Even buprenorphine treatment programs are being chased out of town—at least, if the towns have anything to say about it. This happened to ReVIDA Recovery Centers, which sought to move one facility after a fire destroyed the other one. ReVIDA had wanted to provide continuity of care for patients, but Morristown, Tennessee decided to deny a zoning permit to the program. ReVIDA, which provides medication-assisted treatment with buprenorphine, responded by saying that it would sue.
“Our patients are our first priority,” said CEO Lee Dilworth in a September 25 statement. “The City of Morristown clearly misinterpreted the law. We are asking the court to correct this error. Above all, we want to ensure that our patients in Morristown continue to receive the highest standard of care as they continue on their path to recovery.”
ReVIDA is licensed by the Tennessee Department of Mental Health and Substance Abuse Services as a non-residential office-based treatment facility; its physicians are able to write prescriptions for buprenorphine.
Zac Talbott, CMA, Director of Clinical Services for ReVIDA, noted that Morristown has a zoning ordinance specifically for opioid treatment programs (OTPs) (which the town likes to call “methadone clinics”), and applies a different standard to those programs than to treatment programs for other chronic diseases. In this case, the town must have thought ReVIDA was an OTP—it’s not, it just uses buprenorphine. Mr. Talbott doesn’t think the ordinance is legal.

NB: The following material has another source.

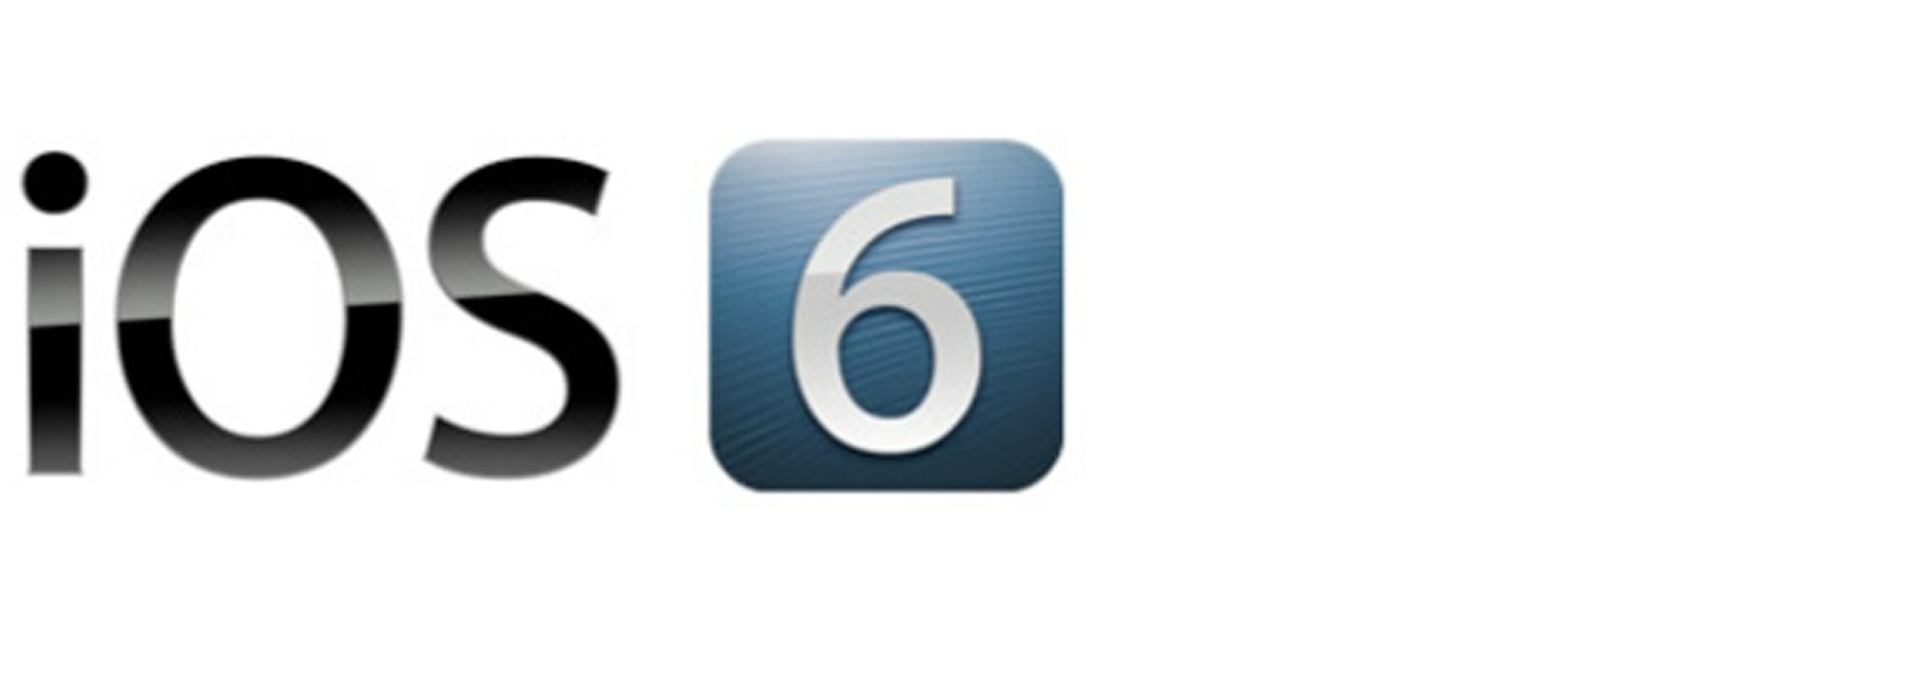 iOS 6 est arrivé, tout ce qu’il faut savoir pour l’installer

Mr. Talbott, a MAT advocate who attributes his own long-term recovery to methadone treatment, opened Counseling Solutions, an OTP in Georgia, in 2015, then added another in North Carolina. He sold both OTPs to BayMark in 2018. He left BayMark recently (on good terms) and is now at ReVIDA, working tirelessly against the stigma methadone and buprenorphine patients—and their providers—face. He is the incoming president of NAMA-Recovery, and will receive the Robert Lane patient advocate of the year award at AATOD later this month.